Module 1.5
The Grammar of Graphics
- Have a look at the documentation for ggplot2
- Familiarize yourself with the
ggplot2
cheatseet - Generate a QMD file in your modules project folder so that you can code along with me and do the exercises.
If you have installed the Tidyverse, then you should already have the packages for this model, including ggplot2
. You can go ahead and load ggplot2
along with readr
and dplyr
.
Overview
In the last module we learned about the Tidyverse. This week we are going to delve into the key package used to visualize data in the context of the Tidyverse–ggplot2
. We will learn how to make bar charts (also known as column charts), histograms, line charts and scatter plots.

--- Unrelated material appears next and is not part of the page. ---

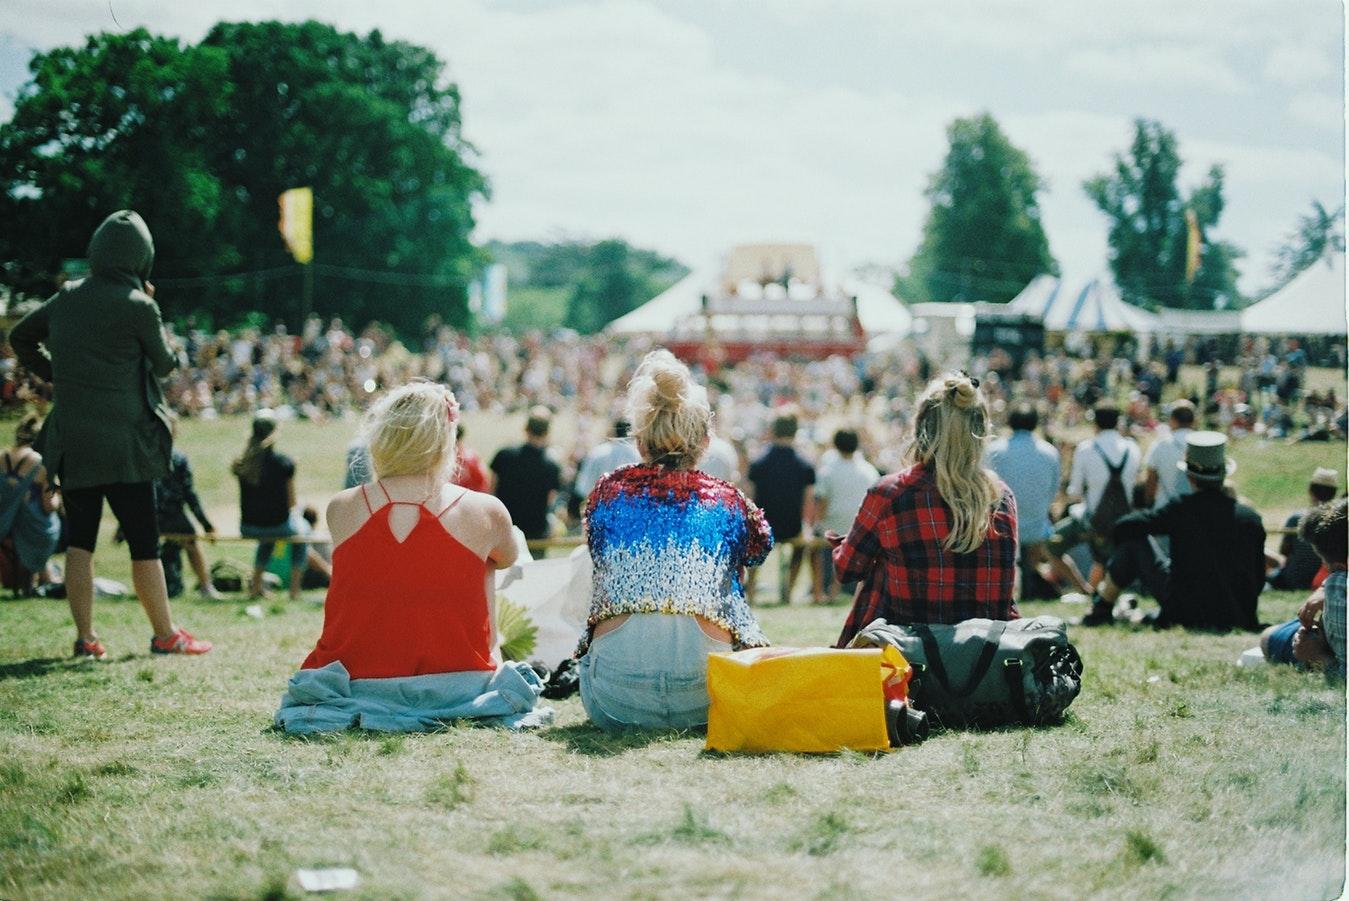 Festivales de música: Te decimos qué 'drink' va mejor contigo, de acuerdo a tu personalidad
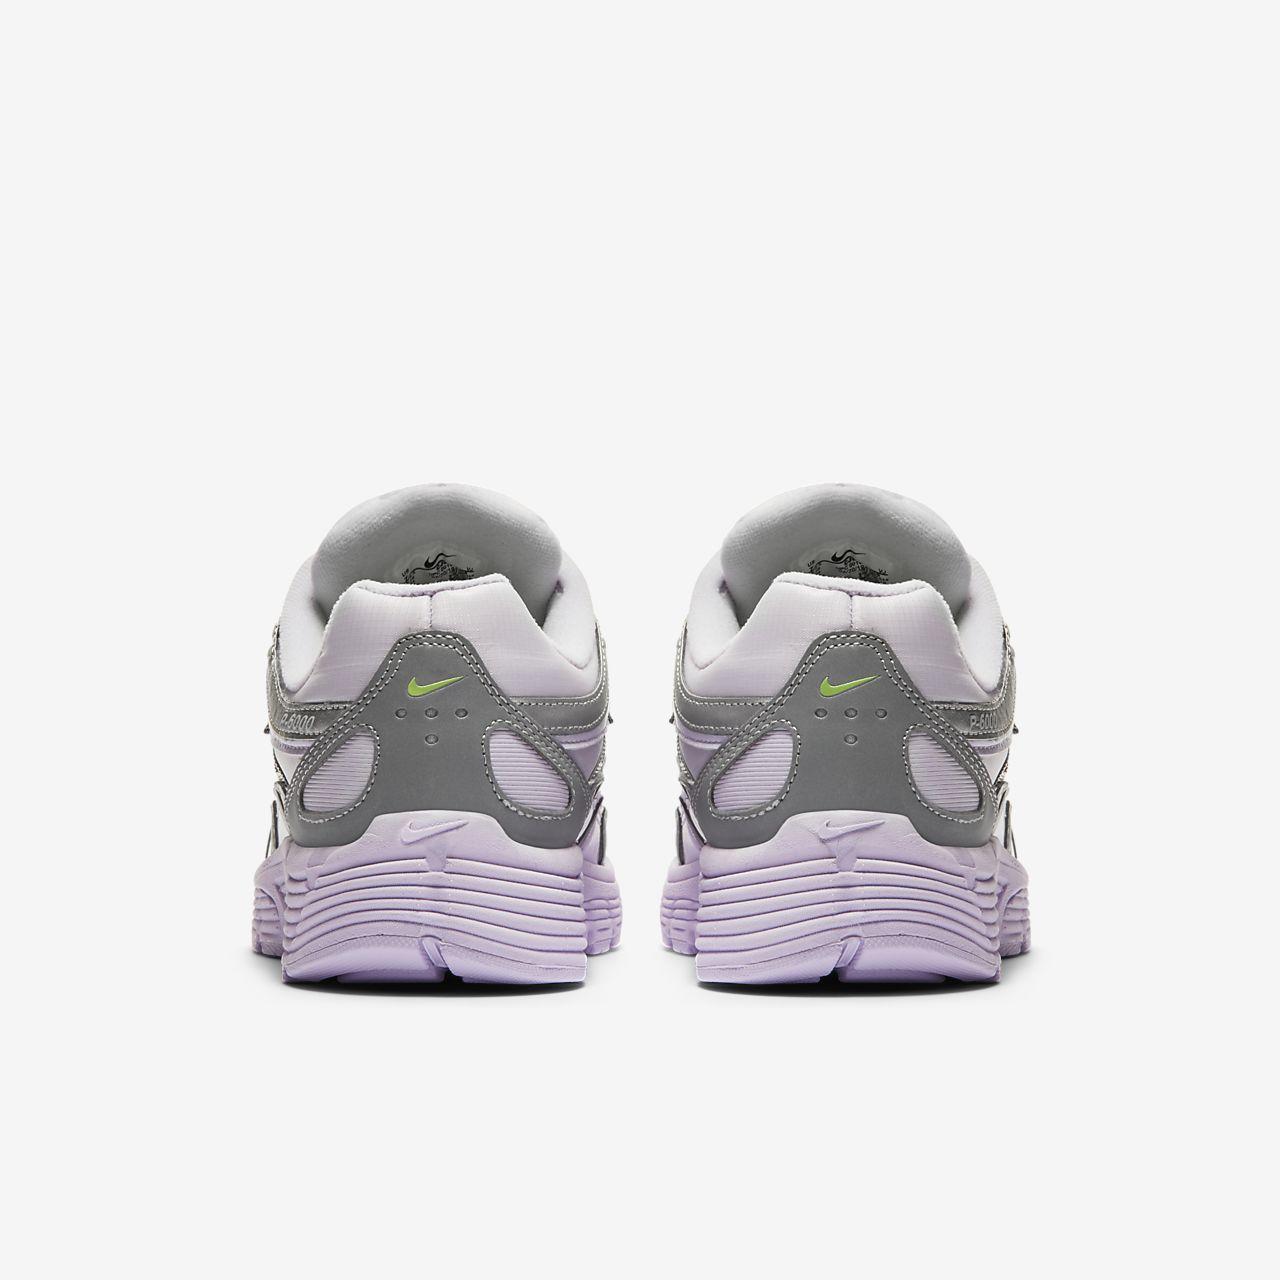 Pour À Damier P Nike Chaussure Femme 6000 UzMqSpV

Along the way we are going to be talking about the “grammar of graphics” that ggplot2
is based on.
The Grammar of Graphics
The “gg” in ggplot stands for “grammar of graphics”, which is a layered approach to constructing graphs based on a book by Leland Wilkinson.
The grammar of graphics is a framework for thinking about how to construct visualizations in a consistent and coherent way. The basic idea behind it is that data visualization has a language with its own grammar, and that the elements of this grammar can be combined in a systematic way to create a wide variety of visualizations.
The basic components of a ggplot2 visualization are the data that you want to visualize, the aesthetics (or dimensions) of the visualization, the geometric objects (or geoms) that you want to use to represent the data, and various other elements like color scales, themes, and annotations. As you will see, each of these elments is “added” onto the plot in a systematic way quite literally using the +
sign.
Which Visualization Do I Use?
Choosing the right visualization depends on the type of question you’re asking and the structure of your data. If you’re looking at trends over time, such as stock prices, a line chart is typically most effective. To show the distribution of a variable, like income within a country, use a histogram, density plot, or boxplot. When comparing values across categories—such as female labor force participation across MENA countries—a bar chart works well. Finally, to explore relationships between two variables, like poverty and inequality across countries, a scatterplot is the appropriate choice.
Bar charts
Let’s get started with our first visualization–a basic bar chart. Our aim here is going to be to summarize levels of democracy across different regions like we did in the last lesson, but this time we will illustrate the differences with a chart.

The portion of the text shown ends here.